Laslett (en nota a Locke 1988 I, §105) ha señalado que en los Two
Treatises la discusión sobre la conciencia se concentra de modo exclusivo en un punto: para que la conciencia pueda estar tranquila, hay
que saber a quién obedecer. Esto es discutido sobre todo en el primer
tratado: ya que Filmer ha quitado a los hombres todo, sería justo que
en tal esclavitud al menos reciban argumentos claros y evidentes que
indiquen que toda potestad ha sido dada a los príncipes herederos de
Adán, “para que sus conciencias puedan ser convencidas y los obliguen
a someterse de modo pacífico a tal dominio absoluto” (1988 I, §10).
Tal punto es retomado extensamente en I, 105-126, pero sin añadir
mucho que sea significativo. Pero el §81, similar en lo restante a estos
parágrafos, nos da algo de información sobre el trasfondo. Aunque
estuviésemos persuadidos de que tiene que haber un gobernante, si
no hay criterios (marks) para distinguirlo de otros, podría tratarse
incluso de nosotros mismos. Por tanto, “un hombre nunca puede ser
obligado en conciencia a someterse a un poder, si no se le puede indicar satisfactoriamente quién es el que tiene derecho a ejercer poder
sobre él” (1988 I, §81). Tras afirmar esto, Locke escribe que si no se da
la condición indicada, “no habría distinción entre piratas y príncipes
legítimos” (1988 I, §81). No es difícil identificar un trasfondo para tal
afirmación. En un célebre pasaje del De Civitate Dei, san Agustín se
pregunta si acaso hay algo que permita distinguir reinos de cuevas de
ladrones cuando falta la justicia (CIV IV 4). Es improbable que Locke
conociera esto directamente de Agustín, pero también en Agustín se
trata de herencia ciceroniana (De Re Publica III, 14) que puede haber
llegado a Locke por cualquiera de sus múltiples vías de apropiación
de Cicerón.

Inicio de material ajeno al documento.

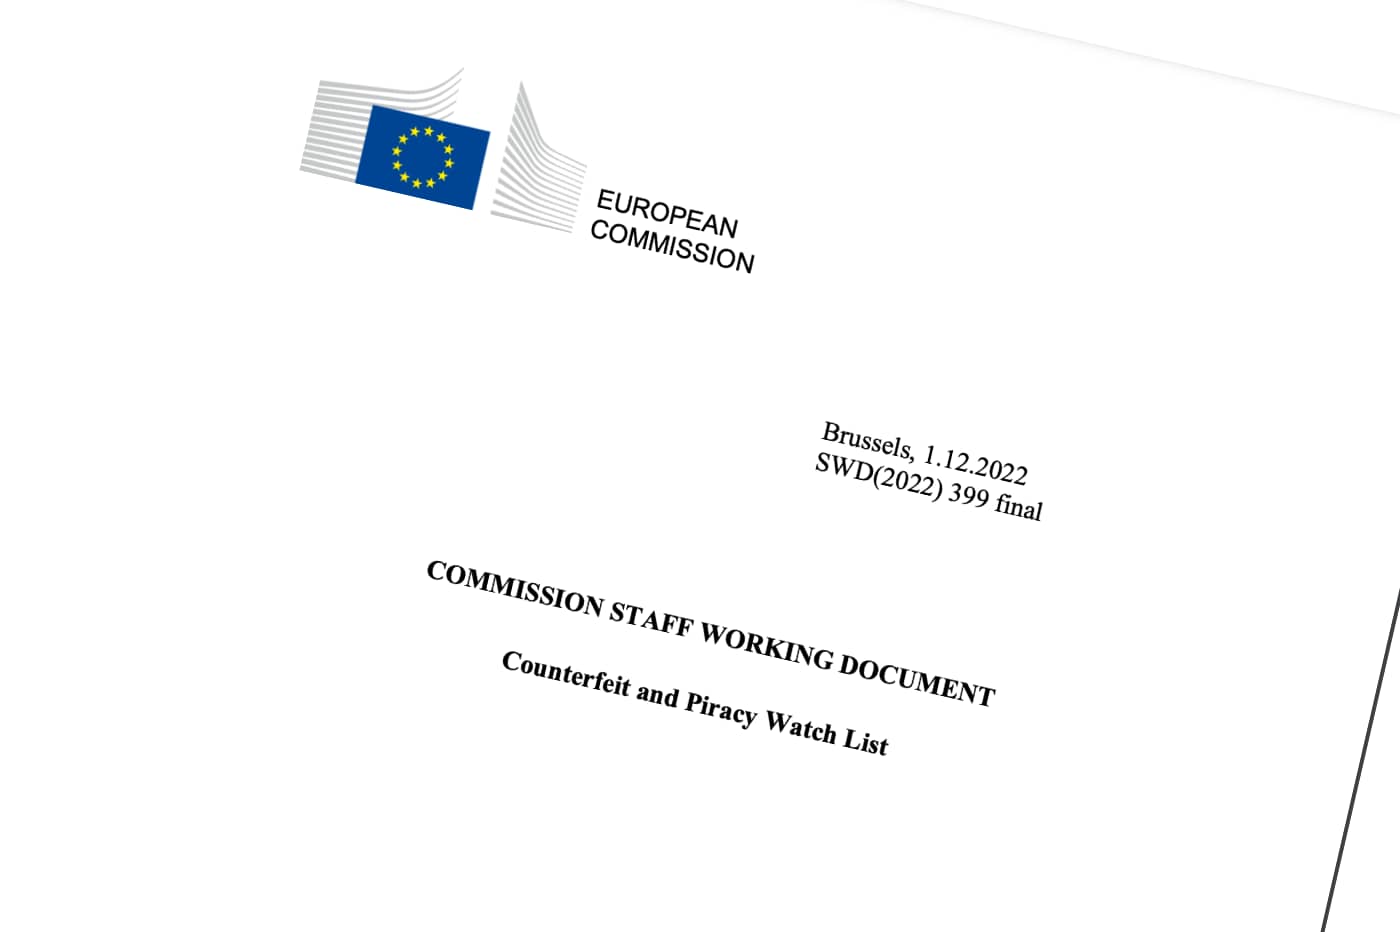 La Counterfeit and Piracy Watch List de la Commission européenne

Locke, de hecho, ya había usado la comparación entre
piratas y gobernantes legítimos en una ocasión anterior, al mencionar,
en el sexto ensayo sobre la ley natural, el fundamento distinto con
que obedecemos a un rey o a un pirata que nos tiene cautivos (Locke
2007 184).7 Y ese temprano pasaje contiene también una referencia a la
conciencia, la cual aprueba nuestra sumisión al pirata para mantenernos en vida. Locke vincula pues de modo continuo la conciencia con
la pregunta por el gobierno legítimo. Hay entonces un cambio desde
los Tracts, donde la pregunta por la legitimidad del gobernante no era
planteada –y nadie querrá minimizar la importancia de que ahora tal
pregunta sí aparezca–. Es más, lo que Laslett ha escrito sobre el vínculo
de la conciencia con la legitimidad de origen, puede hacerse extensivo
7 El vínculo entre este texto y el del First Treatise parece ser pasado por alto en toda la
literatura secundaria.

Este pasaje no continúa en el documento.